**TASK TO COMPLETE:** Return each line of the listing exactly, though without its images.

**PROVIDED MATERIAL:**
╭──
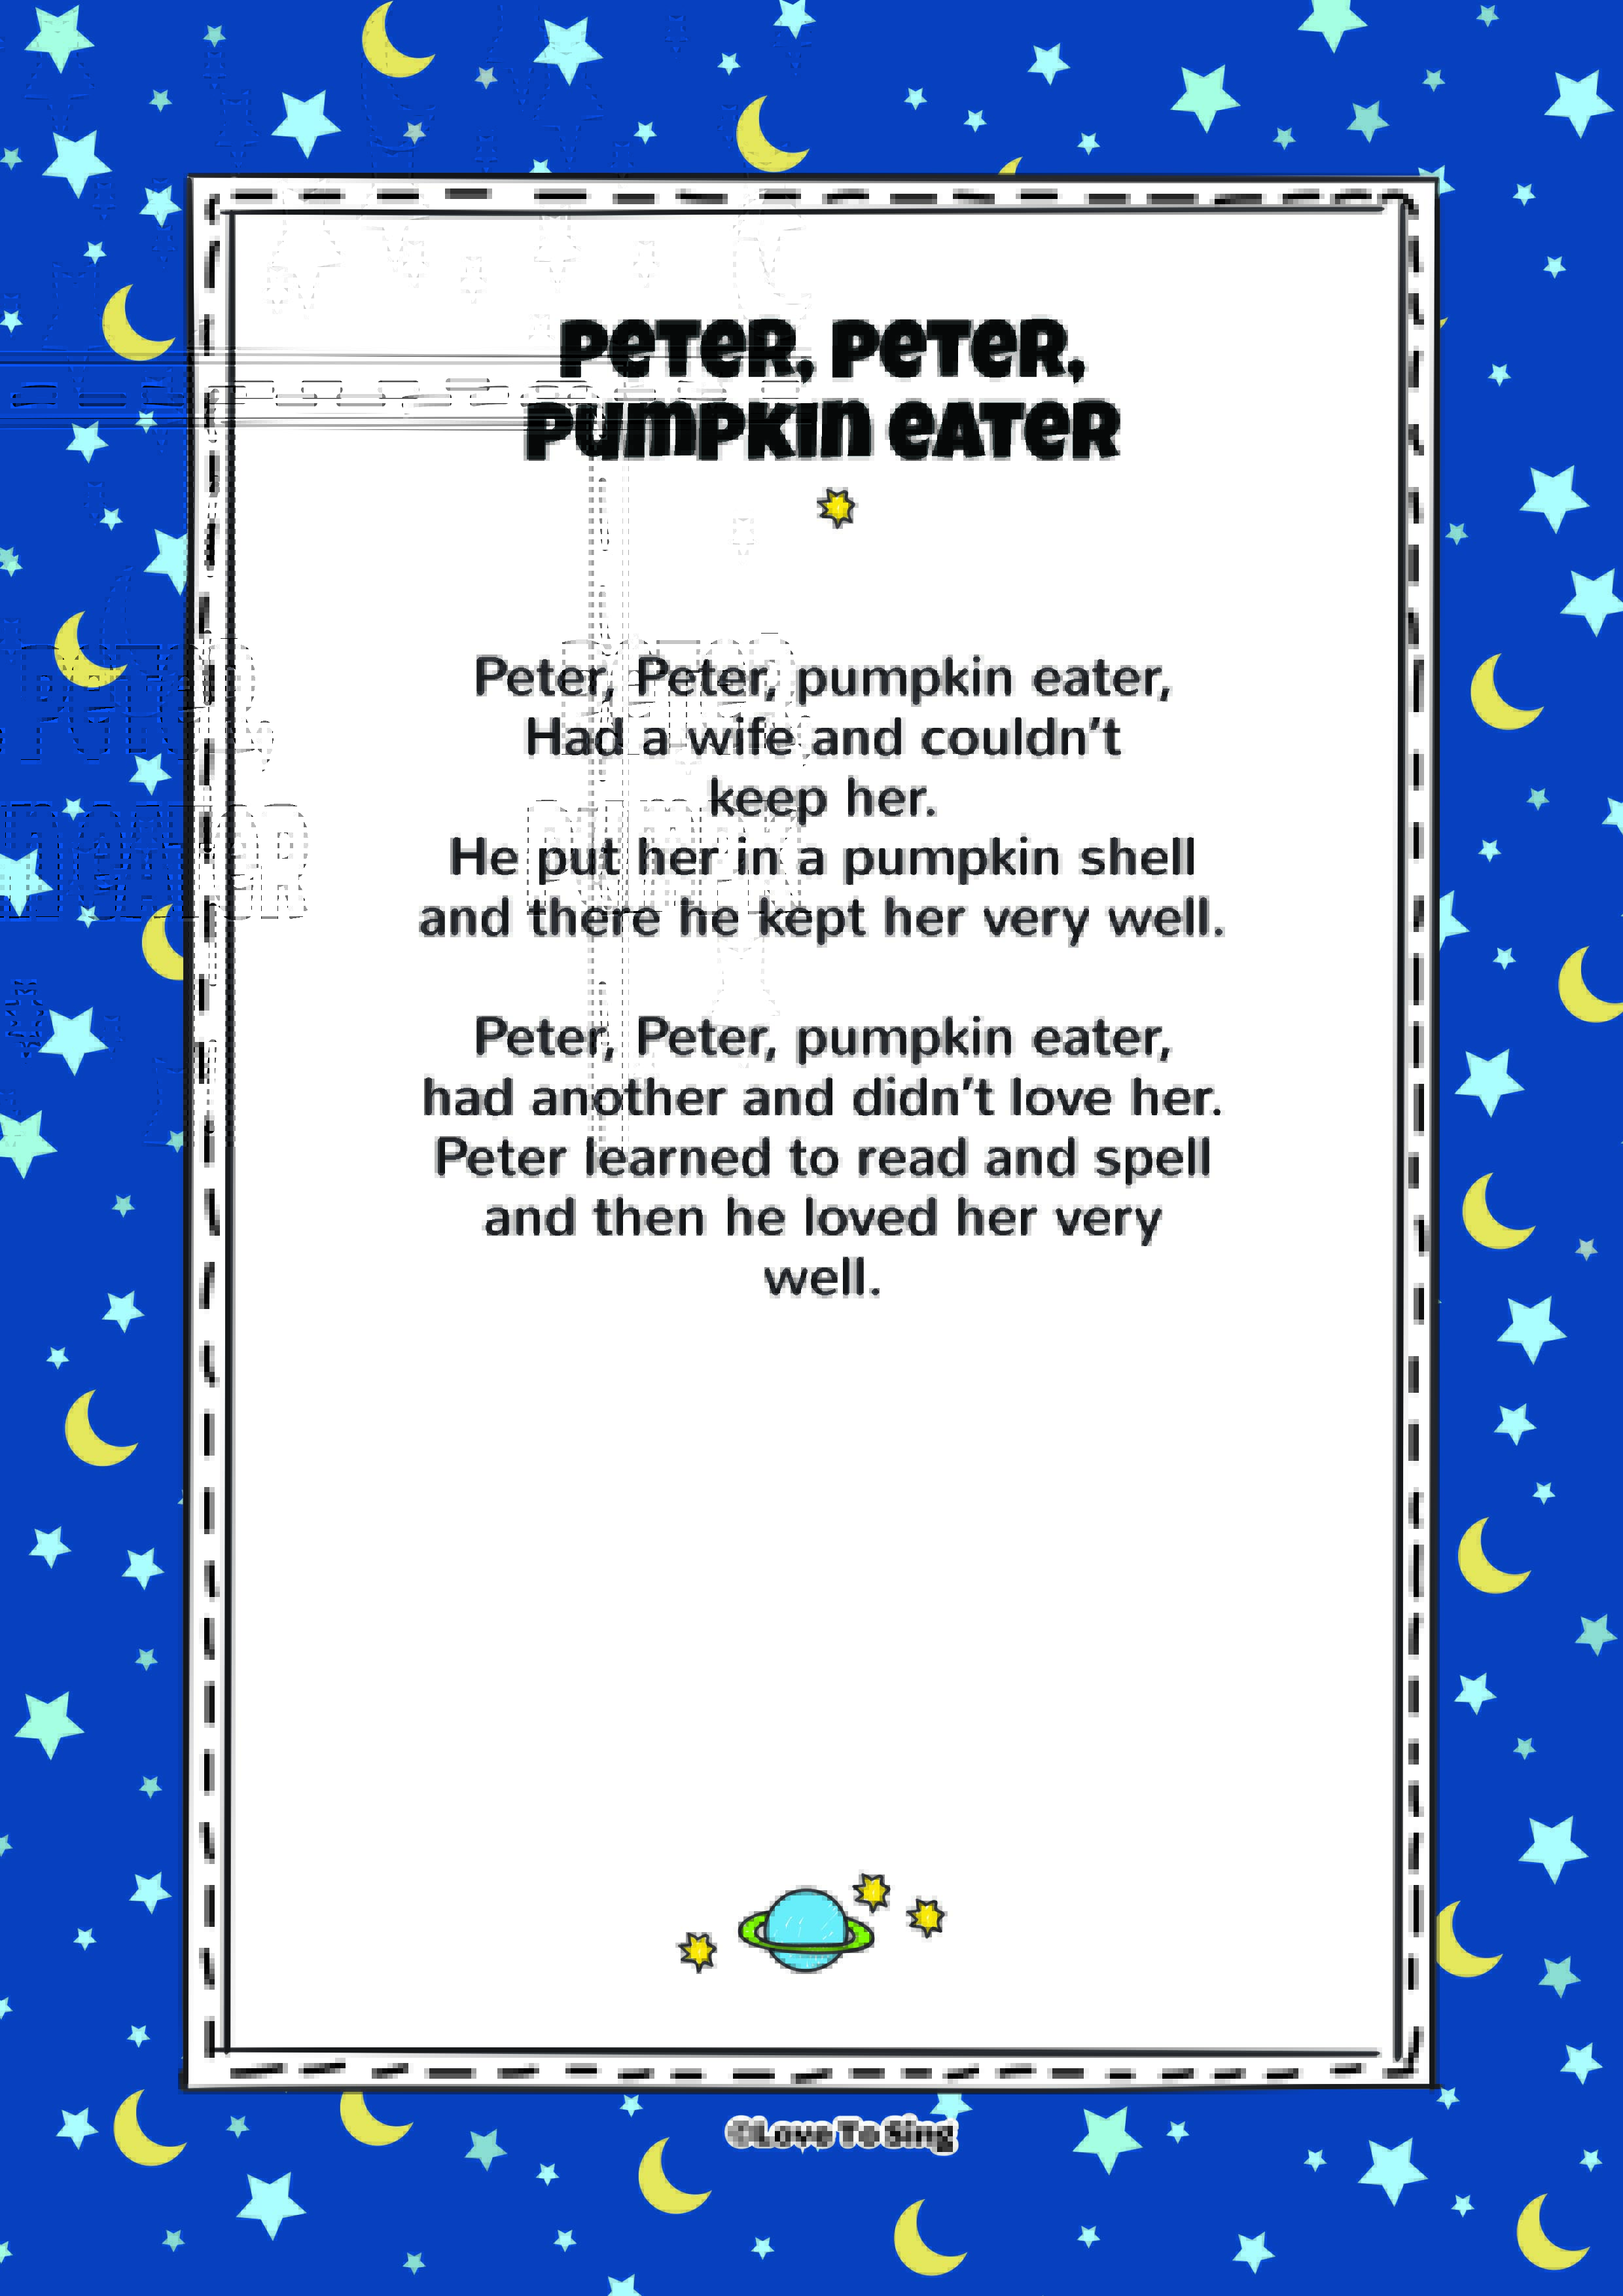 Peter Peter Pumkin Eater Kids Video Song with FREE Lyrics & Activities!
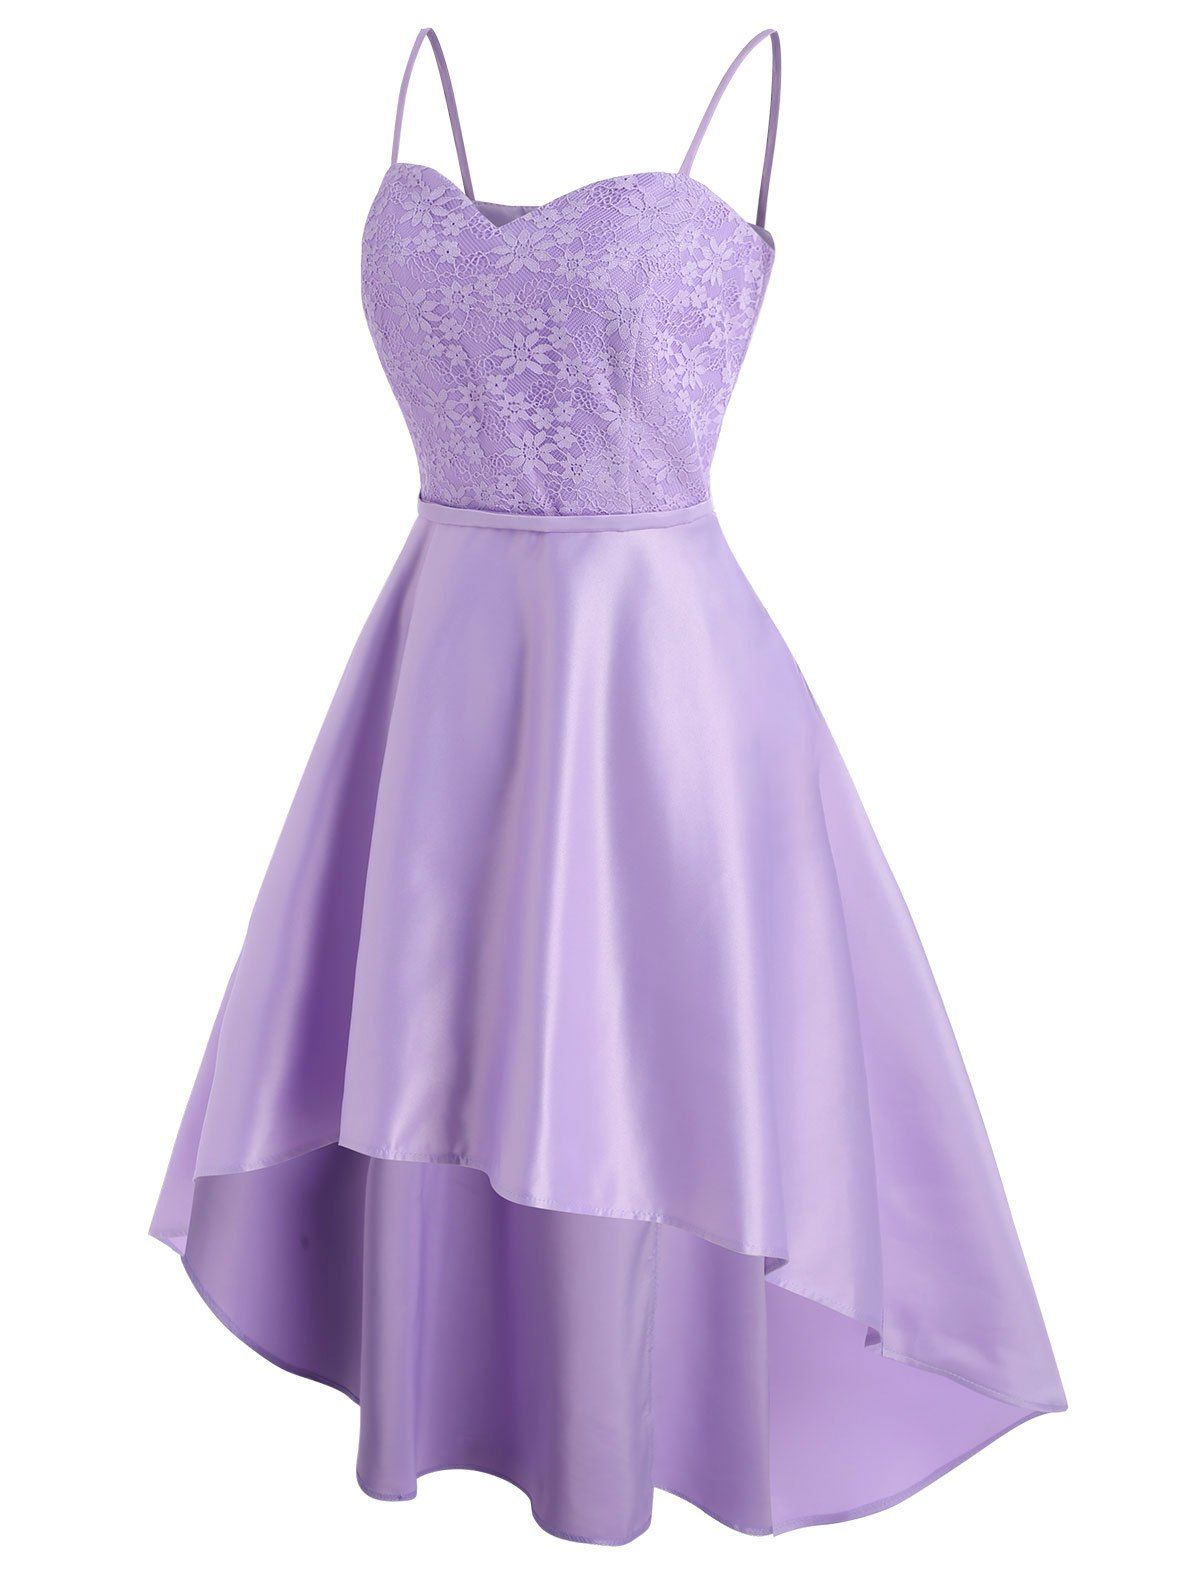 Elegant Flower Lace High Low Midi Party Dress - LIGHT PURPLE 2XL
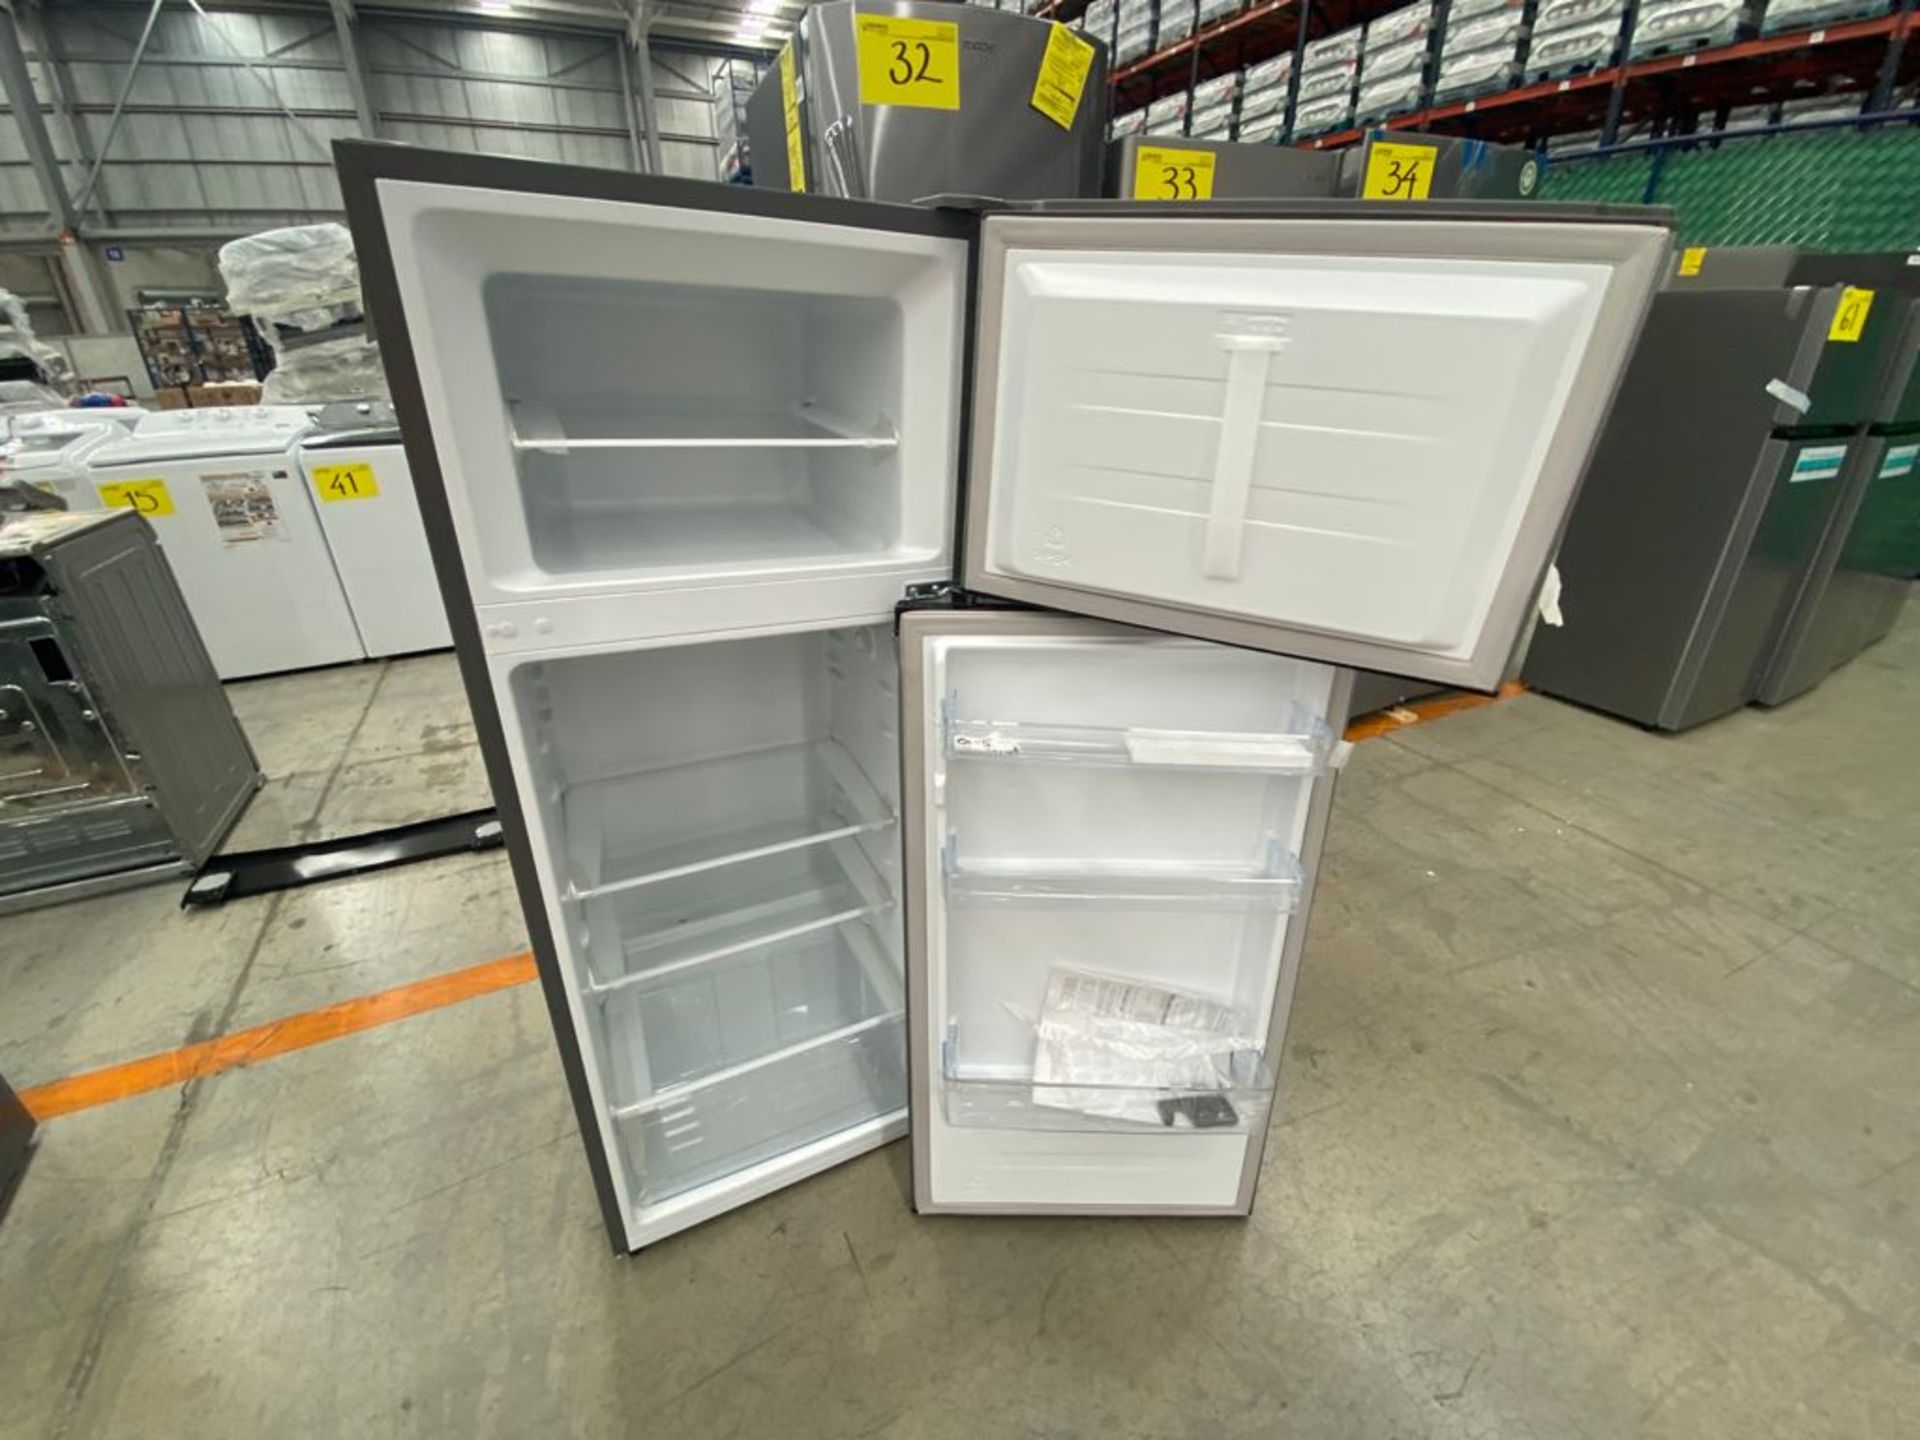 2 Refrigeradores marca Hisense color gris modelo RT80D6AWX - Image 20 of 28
╰──
**SOLVED PROBLEM:**
 Peter Peter Pumkin Eater Kids Video Song with FREE Lyrics & Activities!
 Elegant Flower Lace High Low Midi Party Dress - LIGHT PURPLE 2XL
 2 Refrigeradores marca Hisense color gris modelo RT80D6AWX - Image 20 of 28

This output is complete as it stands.